Menteri Keuangan Purbaya Yudhi Sadewa menggelar rapat di lobi Kementerian Keuangan untuk menyiapkan skenario intervensi pasar melalui Bond Stabilization Fund yang akan digunakan membeli surat utang negara yang dilepas asing guna menjaga imbal hasil tetap kompetitif dan menahan arus modal keluar.

Namun Menkeu mengakui bahwa strategi tersebut masih dirahasiakan dan pemerintah untuk sementara memilih menstabilkan harga obligasi menggunakan Saldo Anggaran Lebih serta kas negara tanpa mengaktifkan dana stabilisasi secara penuh.

Bagi pelaku pasar, investor, pemerintah daerah, dan rumah tangga kelas menengah, sinyal dari pasar bukan sekadar volatilitas teknikal, melainkan pertanyaan fundamental yang diajukan kepada para pengambil kebijakan: apakah struktur fiskal nasional cukup lentur menahan guncangan atau justru sedang digerogoti oleh program raksasa yang ekspansinya terlalu agresif di tengah daya beli masyarakat yang kian tergerus?

Tekanan global memang bukan fenomena baru. Namun yang membuat situasi kali ini berbeda adalah kondisi domestik yang sudah rapuh jauh sebelum guncangan eksternal menerjang. Inflasi tahunan pada Maret 2026 tercatat 3,48 persen dengan komponen harga yang diatur pemerintah melonjak ke 6,08 persen, sementara inflasi inti yang mencerminkan permintaan riil masyarakat hanya berada di level 2,52 persen.
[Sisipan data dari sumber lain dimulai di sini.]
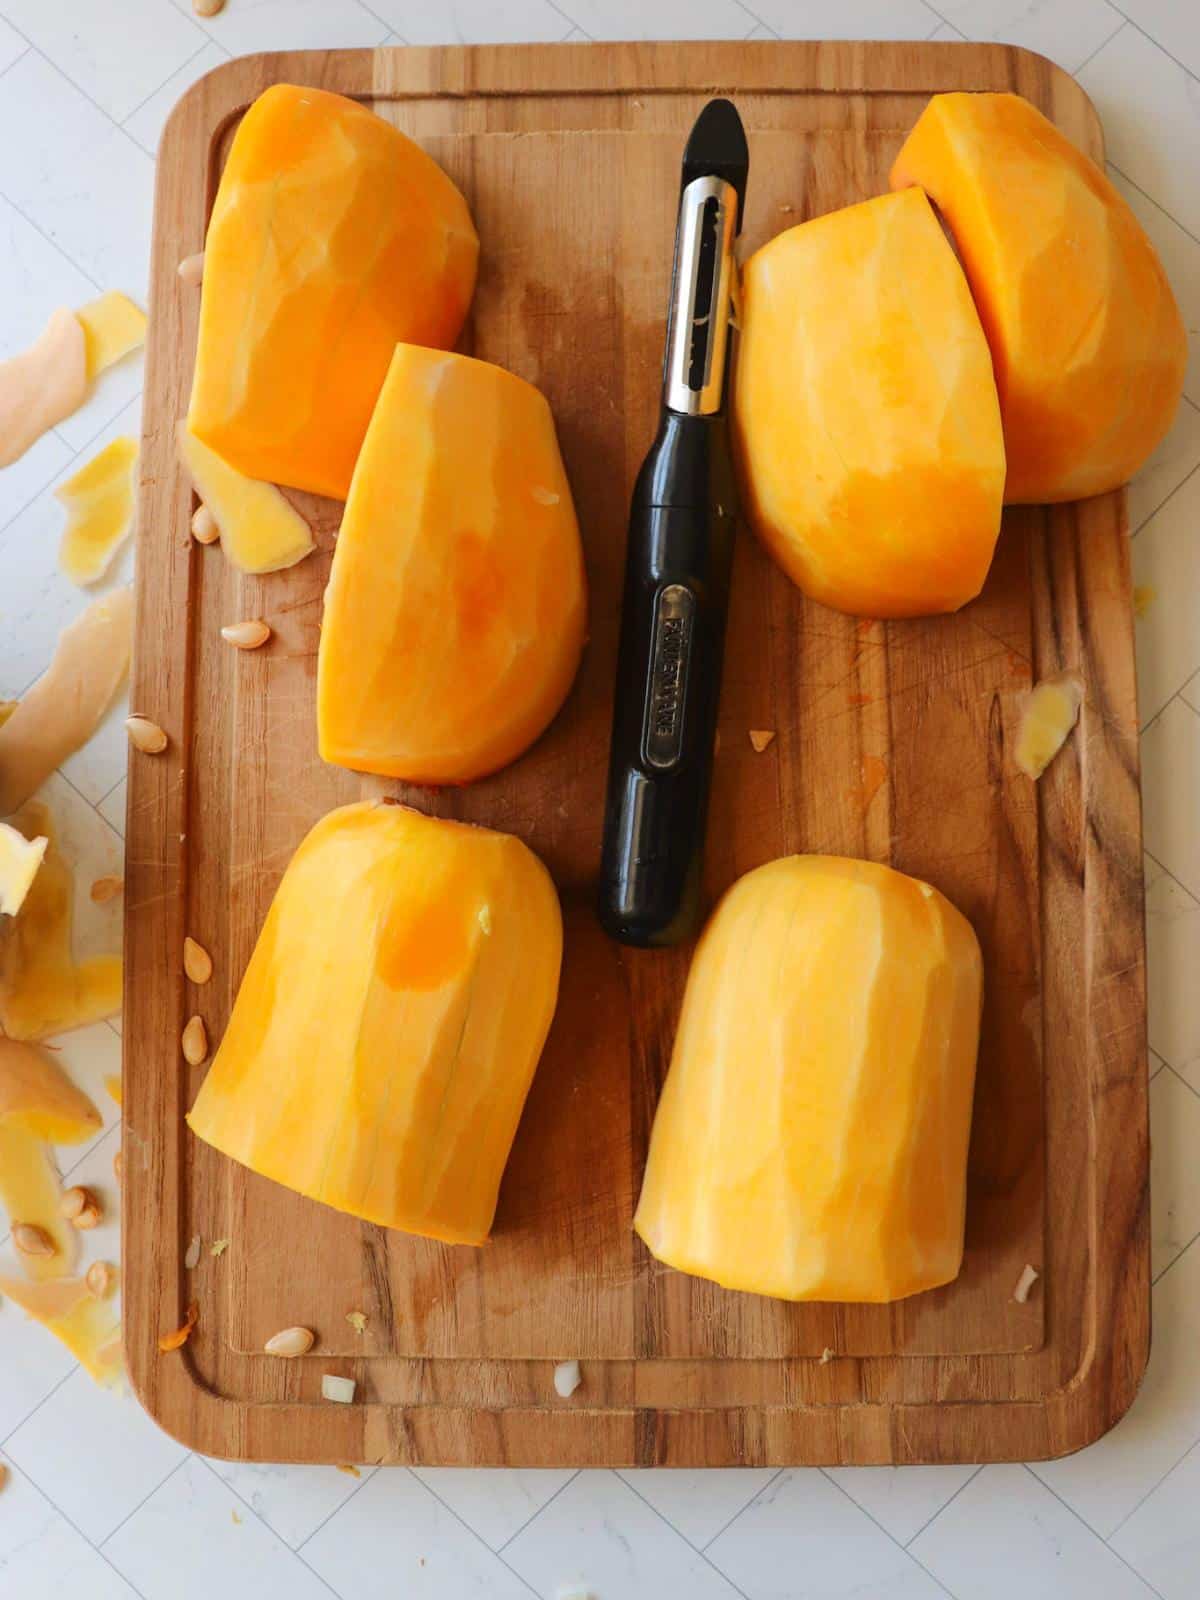 Butternut squash pieces getting peeled on a wooden cutting board.
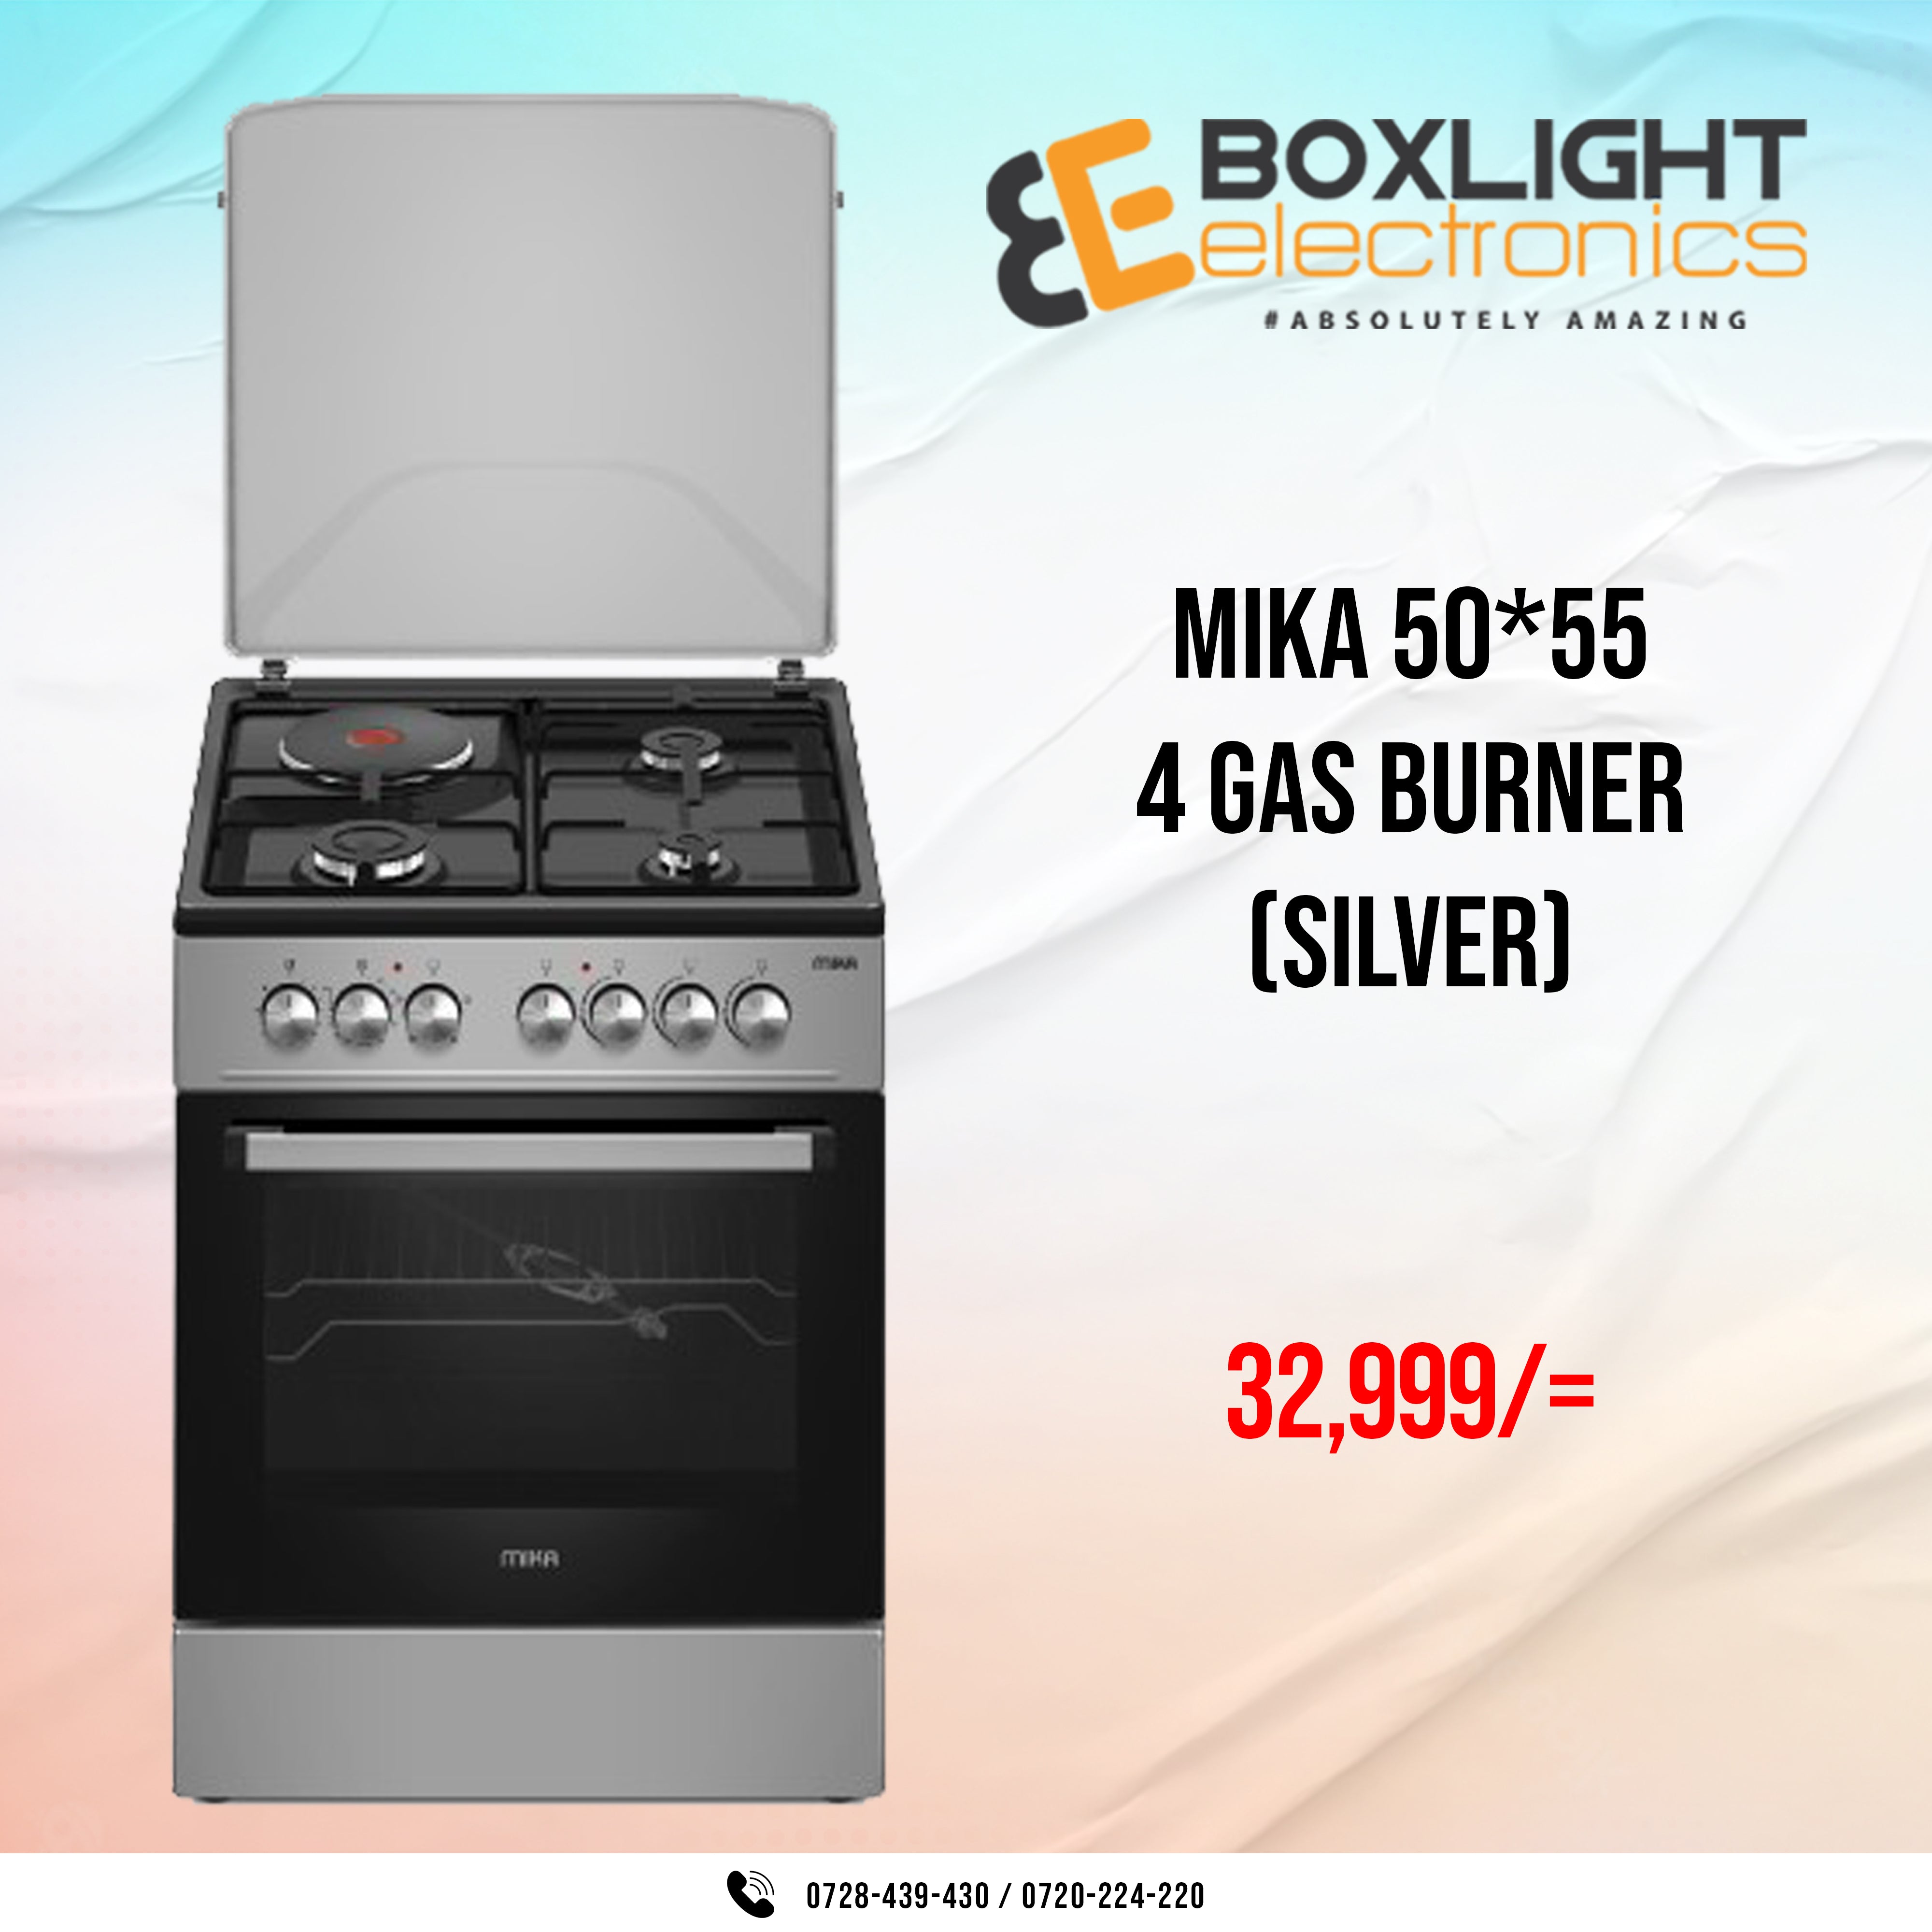 Mika Standing Cooker, 50cm x 60 cm, 3 Gas Burner + 1 Electric Plate & Electric Oven 4F, Silver - MST5060U31PSB

Angka-angka ini mengungkapkan kenyataan pahit bahwa kenaikan harga bukan didorong oleh menggeliatnya konsumsi, melainkan oleh permasalahan suplai pada komoditas esensial yang tidak bisa dihindari rumah tangga mana pun.

Sekretaris Kementerian Koordinator Bidang Perekonomian, Susiwijono Moegiarso secara terbuka mengakui adanya pergeseran kelas menengah ke segmen menengah bawah, terutama di wilayah perkotaan.

Sebuah pengakuan resmi bahwa fondasi konsumsi nasional yang menyumbang 54-55 persen terhadap PDB sedang mengalami retakan struktural yang tidak bisa ditambal oleh narasi optimisme pertumbuhan.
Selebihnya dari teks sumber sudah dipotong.